“I say to you,” Jesus said, “unless your righteousness surpasses that of the scribes and Pharisees, you shall not enter the kingdom of heaven.”
It’s easy to soften the force of this. Don’t. Jesus is not talking about His own personal righteousness imputed to us. He’s not talking about a righteous status granted to us. He’s talking about how you live and act in the day to day demands and relationships of life.
He’s talking about the way you respond to insults, and how you look at women, and how you treat your enemies, and how you pray and give offerings, and the way you use your money. If you want to enter the kingdom, then you have to be more righteous in all these things than the scribes and Pharisees.

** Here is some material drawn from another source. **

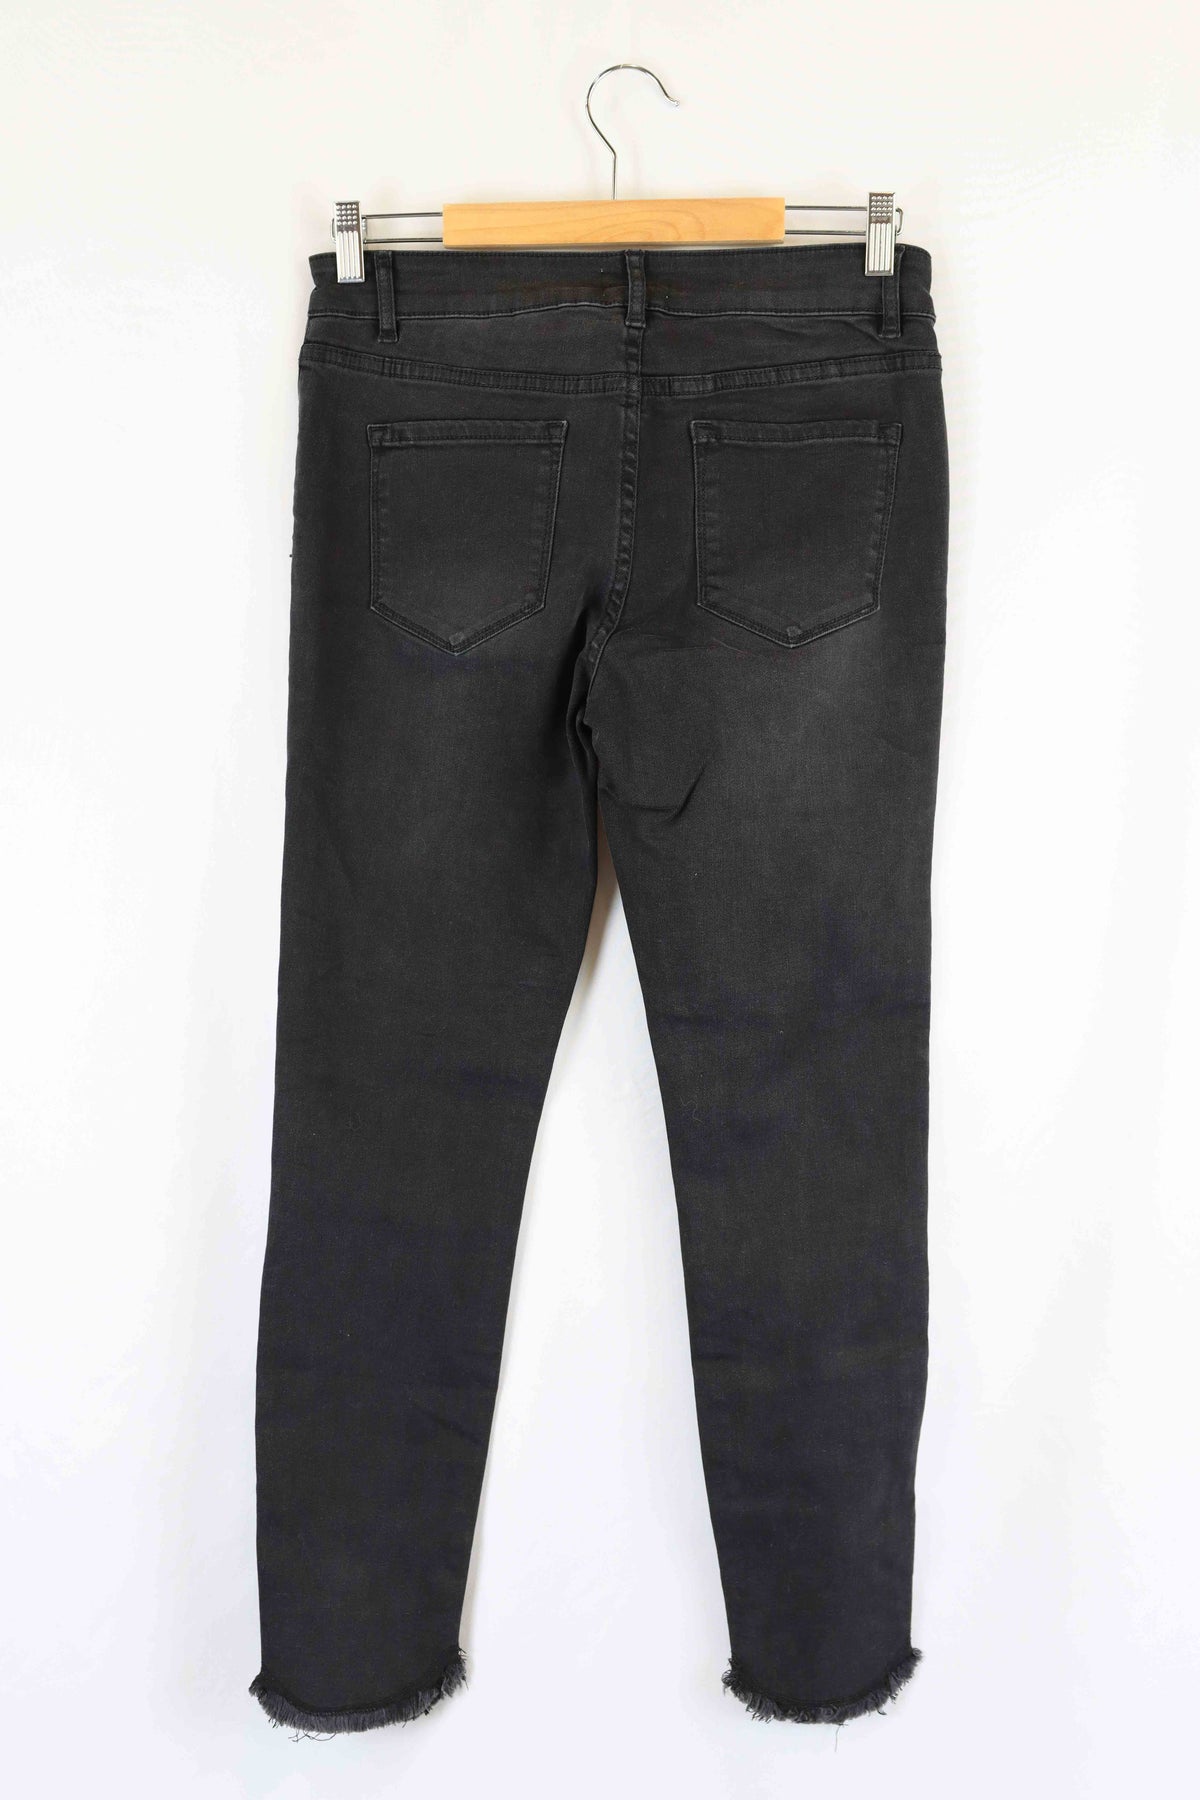 Seed Black Skinny Jeans 12

Paul, the preacher of righteousness by faith, agrees. “Do you not know,” Paul asks, “that the unrighteous will not inherit the kingdom of God?” It’s not a rhetorical question. Paul adds, “Do not be deceived; neither fornicators, nor idolaters, nor adulterers, nor effeminate, nor homosexuals, nor thieves, nor the covetous, nor drunkards, nor revilers, nor swindlers, will inherit the kingdom of God.”
This is not works righteousness. We live righteously only by the power of the Spirit. Like everything else, this righteousness is a gift. Still, this gift has to show up in the way we live.
If you want to inherit the kingdom of heaven, to be with Jesus forever, to enjoy the blessings of the presence of God, there is only one way: Your righteousness must surpass the righteousness of the scribes and Pharisees.